Start of Input material
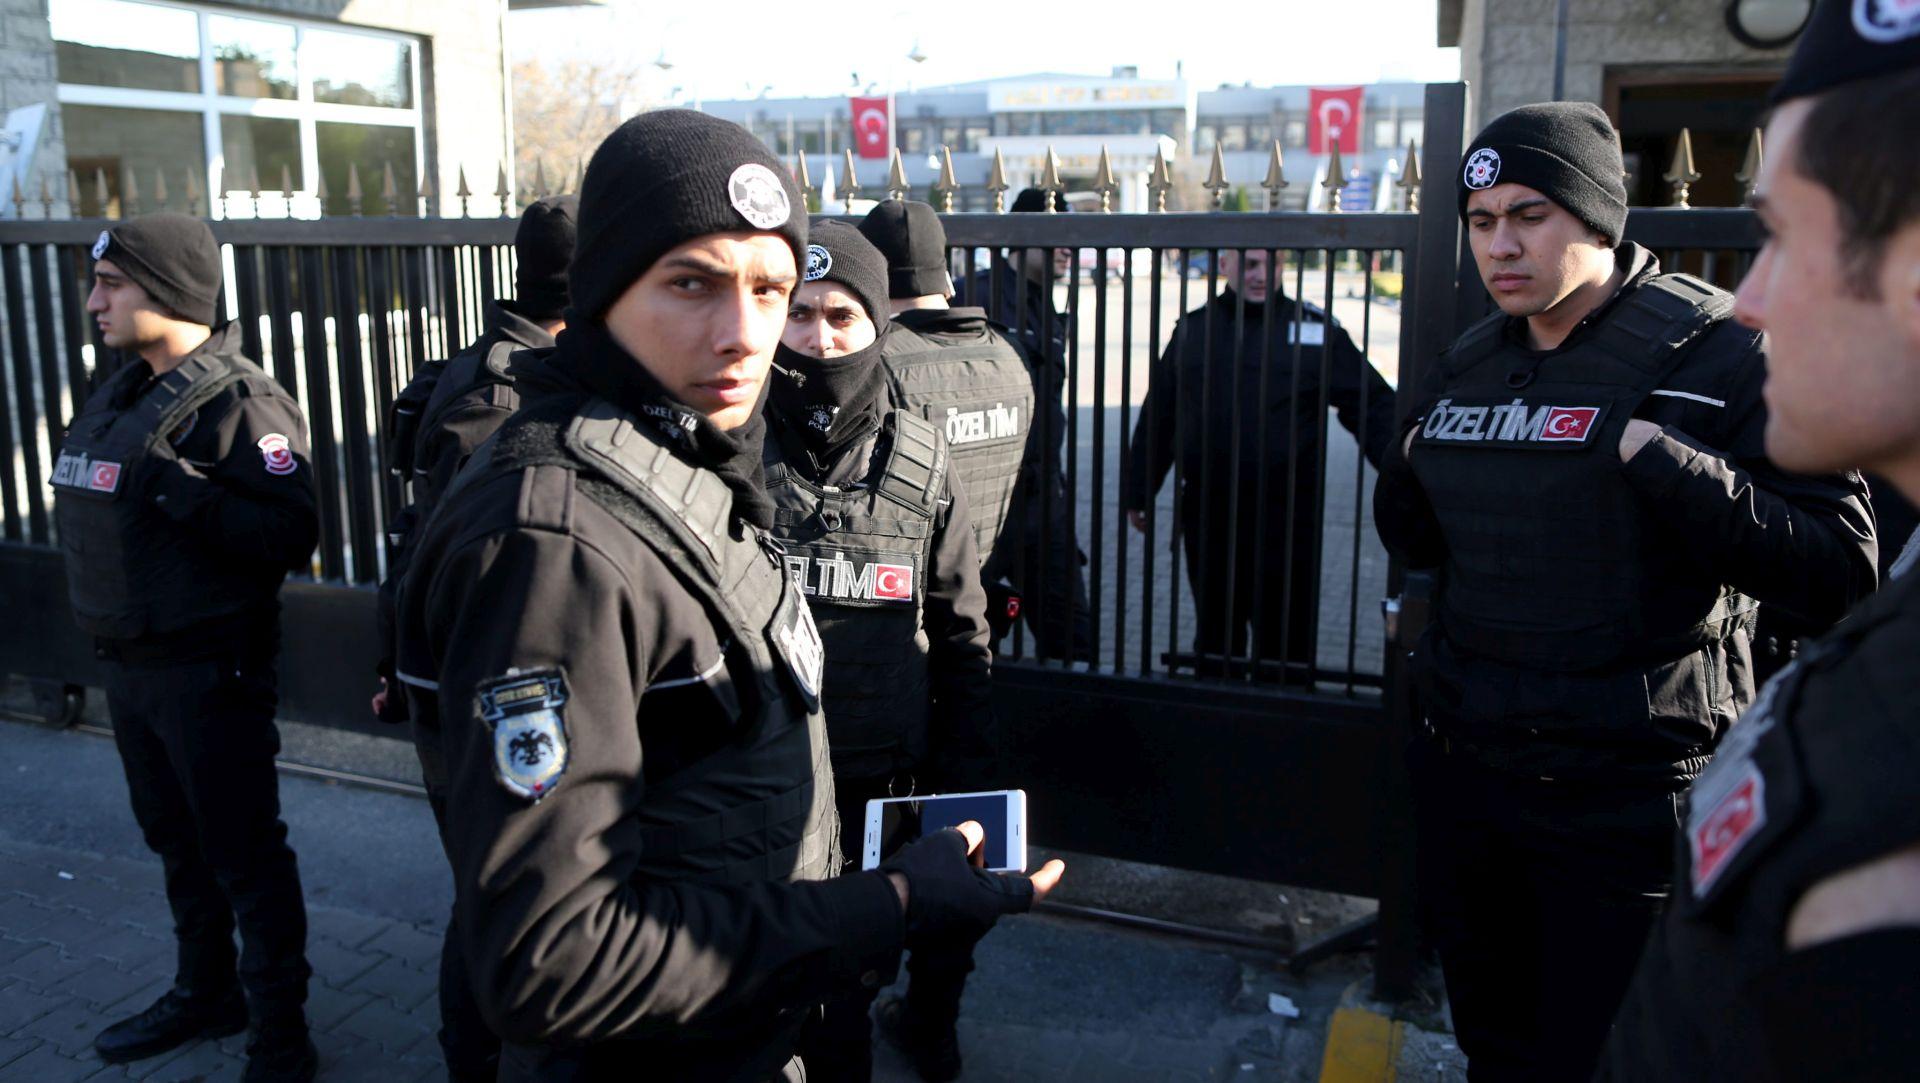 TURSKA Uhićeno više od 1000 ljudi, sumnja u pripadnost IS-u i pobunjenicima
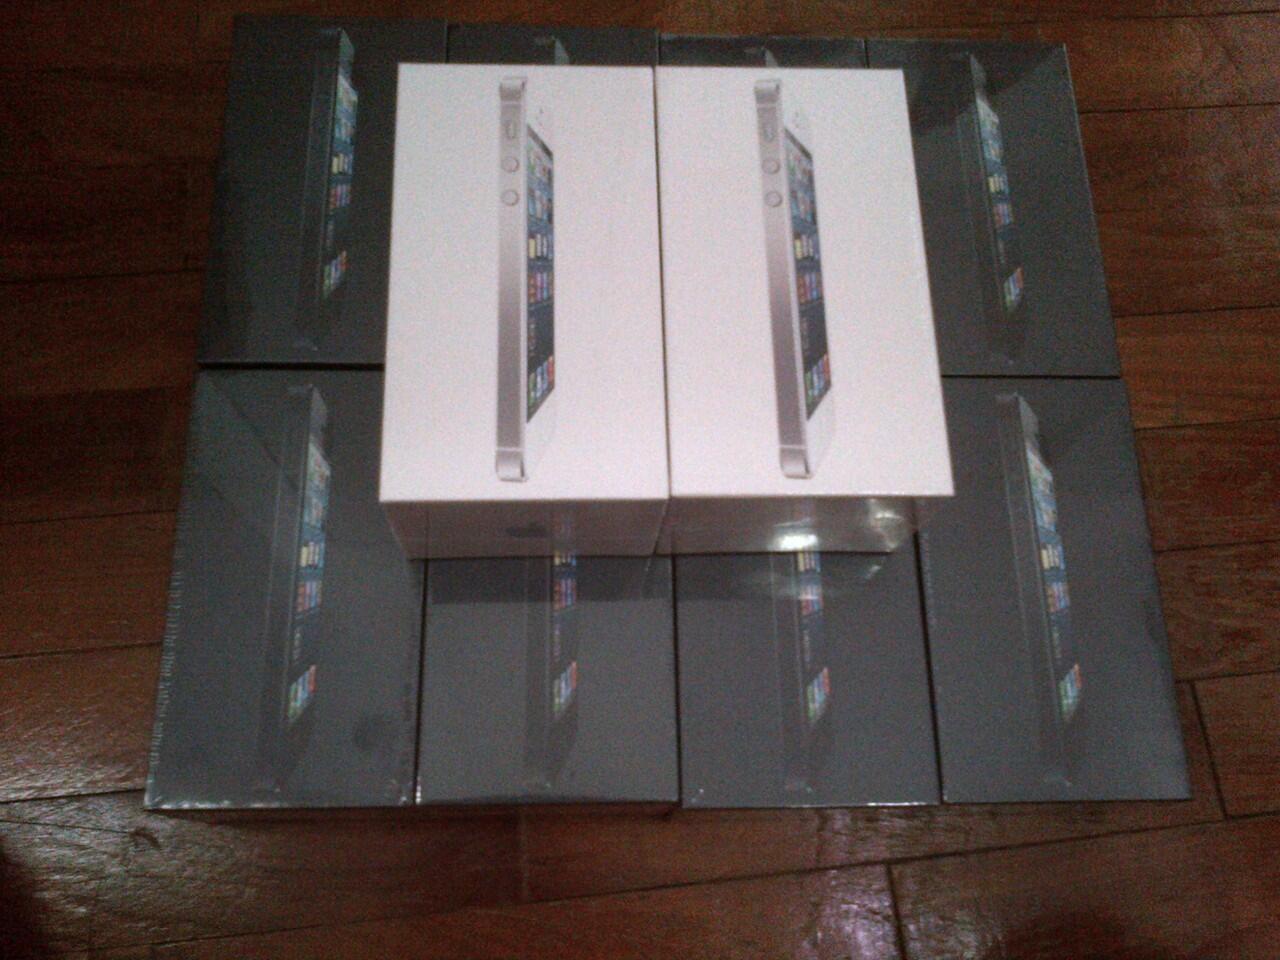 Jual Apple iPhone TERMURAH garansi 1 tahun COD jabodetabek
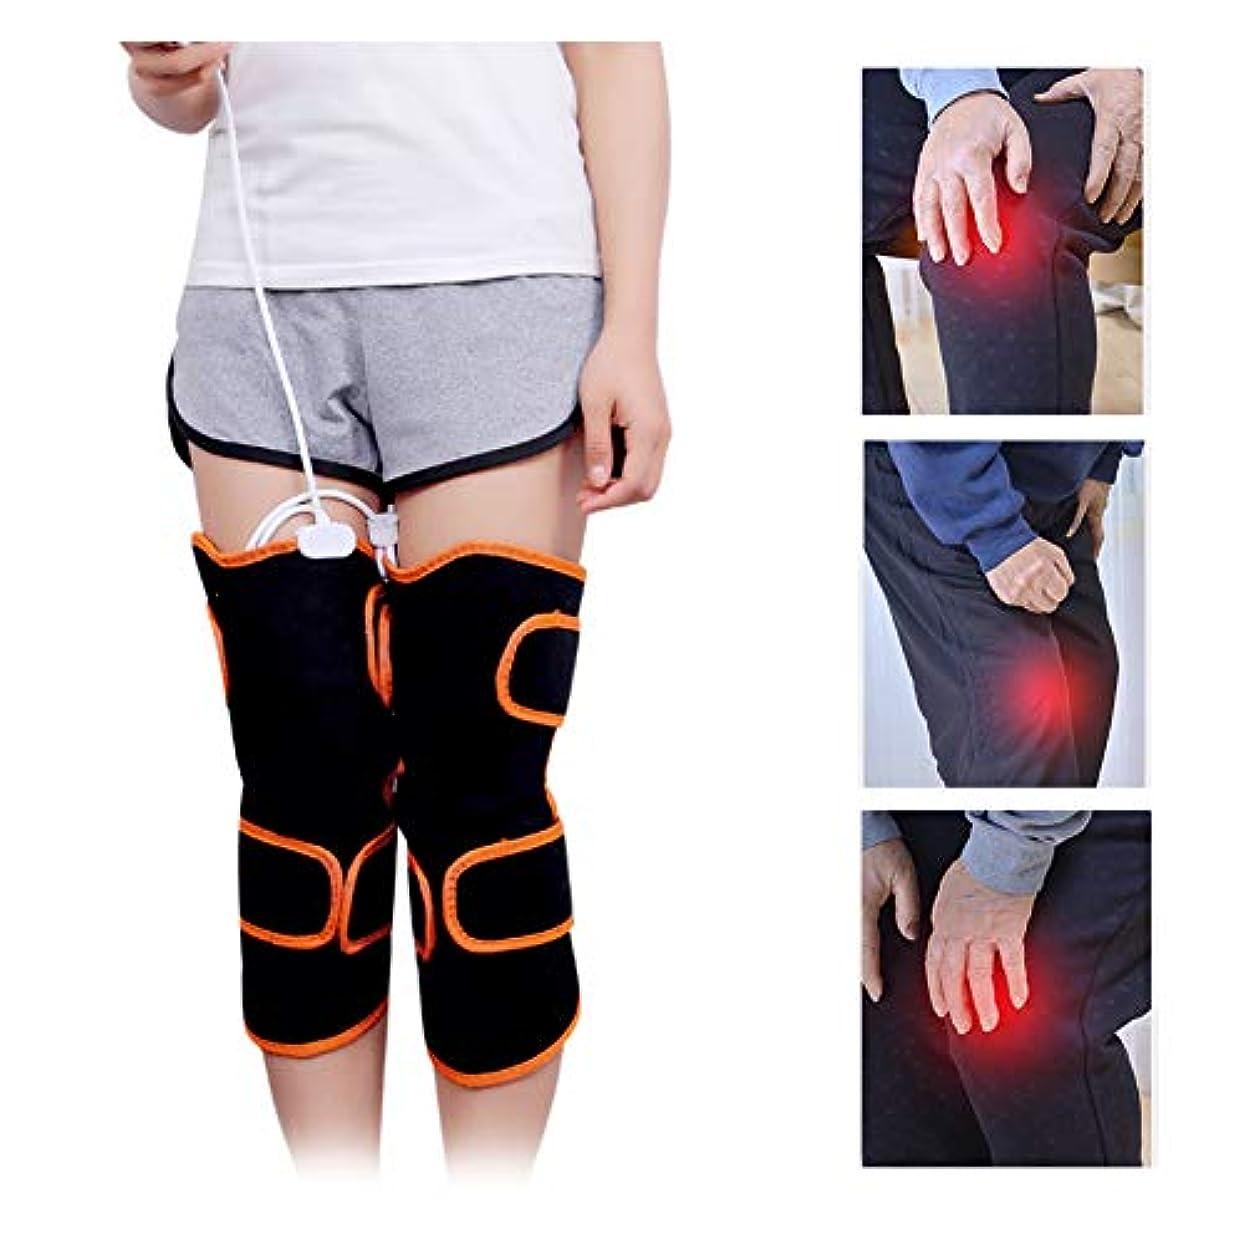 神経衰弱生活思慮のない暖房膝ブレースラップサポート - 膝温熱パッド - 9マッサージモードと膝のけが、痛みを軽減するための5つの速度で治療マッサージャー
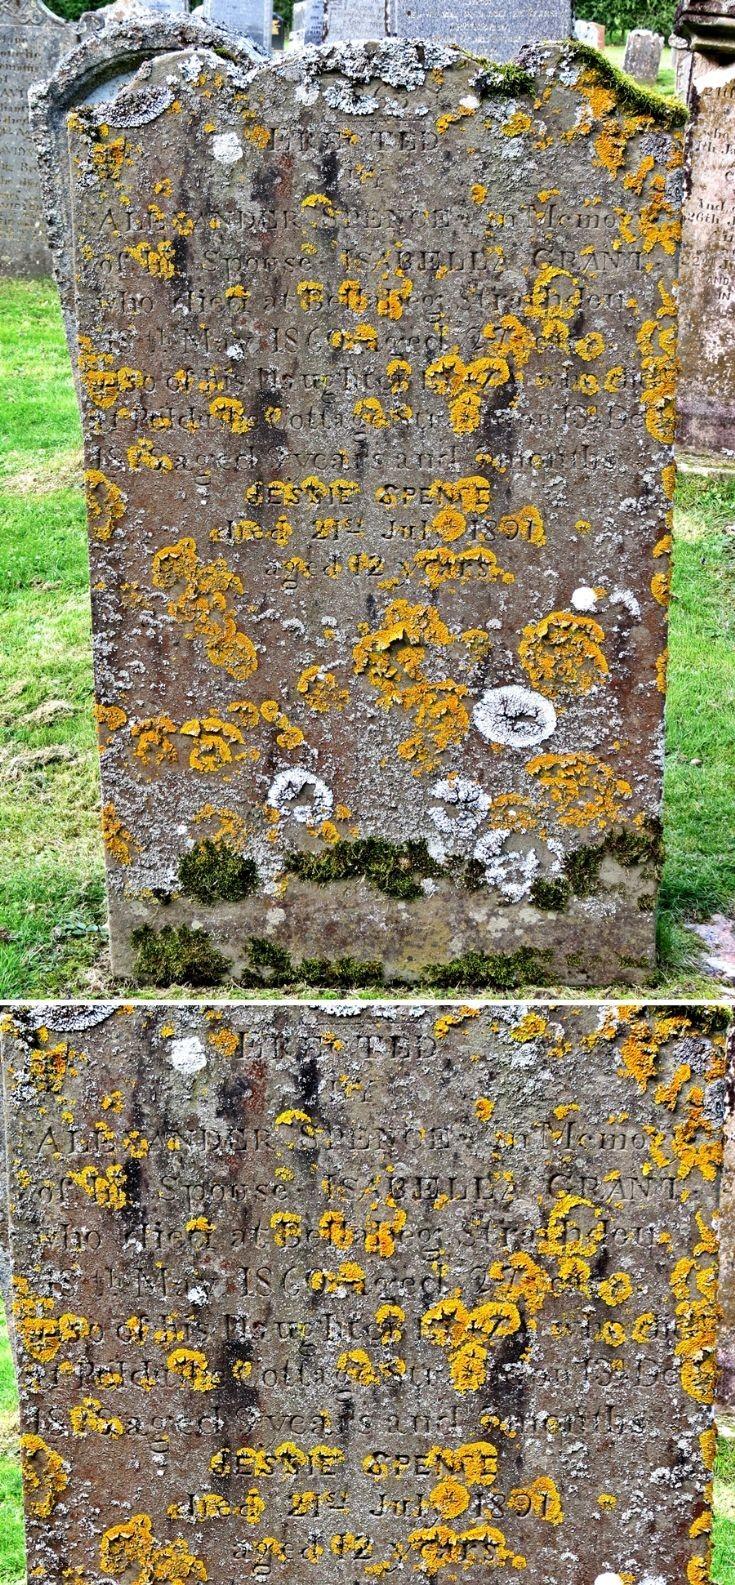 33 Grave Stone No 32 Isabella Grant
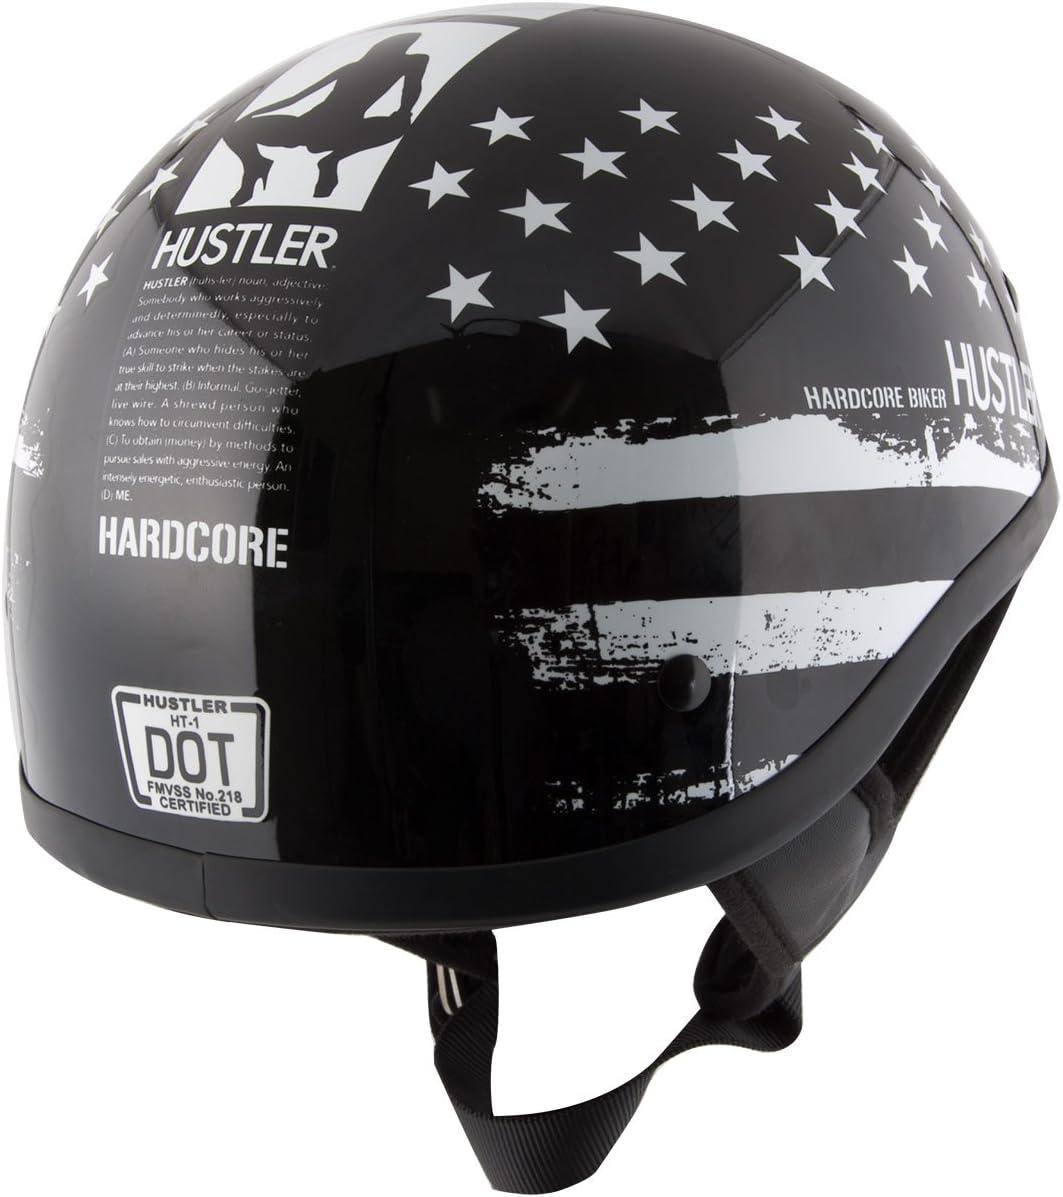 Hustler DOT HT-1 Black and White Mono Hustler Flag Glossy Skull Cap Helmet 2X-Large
End of Input material
**What is expected:** All records are to be reproduced exactly; the pictures are to be omitted.

**Answer to this problem:**
 TURSKA Uhićeno više od 1000 ljudi, sumnja u pripadnost IS-u i pobunjenicima
 Jual Apple iPhone TERMURAH garansi 1 tahun COD jabodetabek
 神経衰弱生活思慮のない暖房膝ブレースラップサポート - 膝温熱パッド - 9マッサージモードと膝のけが、痛みを軽減するための5つの速度で治療マッサージャー
 33 Grave Stone No 32 Isabella Grant
 Hustler DOT HT-1 Black and White Mono Hustler Flag Glossy Skull Cap Helmet 2X-Large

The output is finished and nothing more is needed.